Without even looking at your code let me make some comments about your benchmarks. Let's ignore numpy and compare the maximum SP FLOPs/s and DP FLOPs/s of an Intel CPU versus Nvidia and AMD GPUs.
A Intel 2600K at 4 GHz can do 4 GHz * (8 AVX) * (2 ILP) * ( 4 cores) = 256 SP GFLOPs/s. For DP it's half: 128 DP GFLOPs/s. Haswell which comes out in a few weeks will double both of those. The Intel MKL library gets better than 80% efficiency in GEMM. My own GEMM code gets 70% on my i7-2700 so the 5 GFlops/s you quote with numpy is tiny and not fair to compare with.
I don't know what the GTX 275 is capable of but I would guess it's much more than 50 GFLOPs/s.
The article you reference compares a AMD 7970. They get 848 (90% efficiency) DP GFlops/s and 2646 (70% efficiency) SP GFlops/s. That's closer to 10x the performance of the CPU not 200x!
Edit:
Your calculations of FLOPs is wrong it should be 2.0*n^3. That's still approximate but it's asymptotically true. Let me explain.

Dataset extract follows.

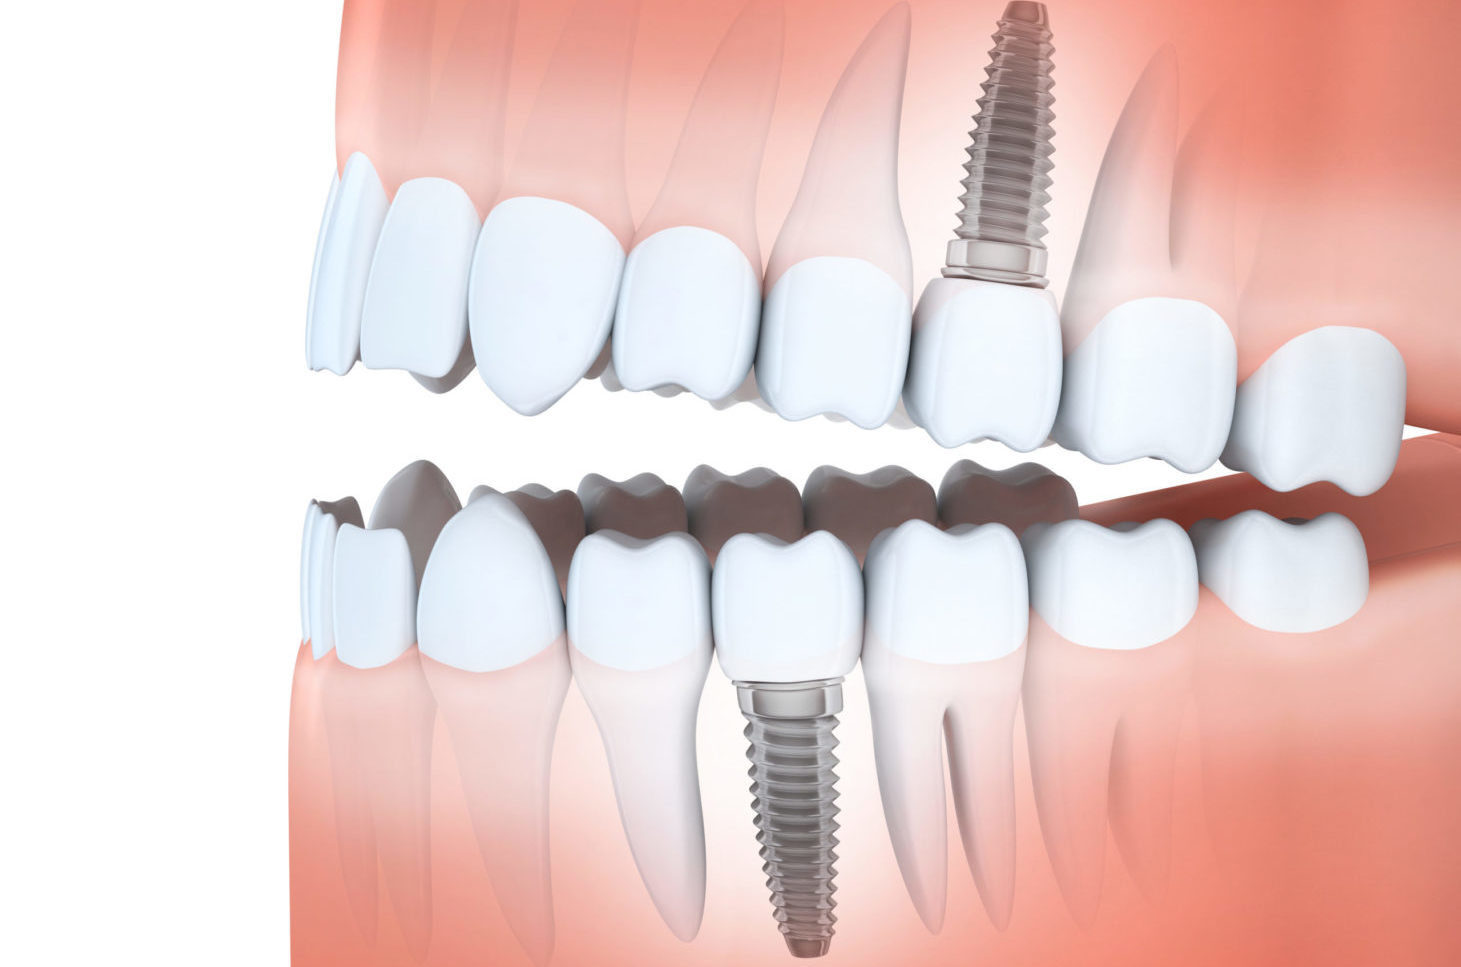 Human jaw and dental implants replacing missing teeth

Consider a 3D dot product. It's x1*x2+y1*y2+z1*z2. That's 3 multiplications and two additions. So a N-dimensional dot product is n multiplications and (n-1) additions. A matrix product is equivalent to nxn dot products, i.e. n*n*n multiplications and n*n*(n-1) additions. That's approximately 2.0*n^3 FLOPS. So you should double all your Gflops/s numbers.
Edit:
You might want to consider the kernel time. It's been awhile since I used OpenCL but using the C++ bindings I did something like this
queue = cl::CommandQueue(context, devices[device], CL_QUEUE_PROFILING_ENABLE|CL_QUEUE_OUT_OF_ORDER_EXEC_MODE_ENABLE, &err);
//other code...run kernel
time_end = clevent.getProfilingInfo<CL_PROFILING_COMMAND_END>();
time_start = clevent.getProfilingInfo<CL_PROFILING_COMMAND_START>();
A good GPU matrix-multiply does not just use local memory, it stores blocks of A, B, and/or C in registers (which results in higher register usage and lower occupancy but is much faster in the end). This is because GPUs have more registers than local memory (128-256KB vs 48KB for NVIDIA), and registers offer as much bandwidth as the ALUs can handle.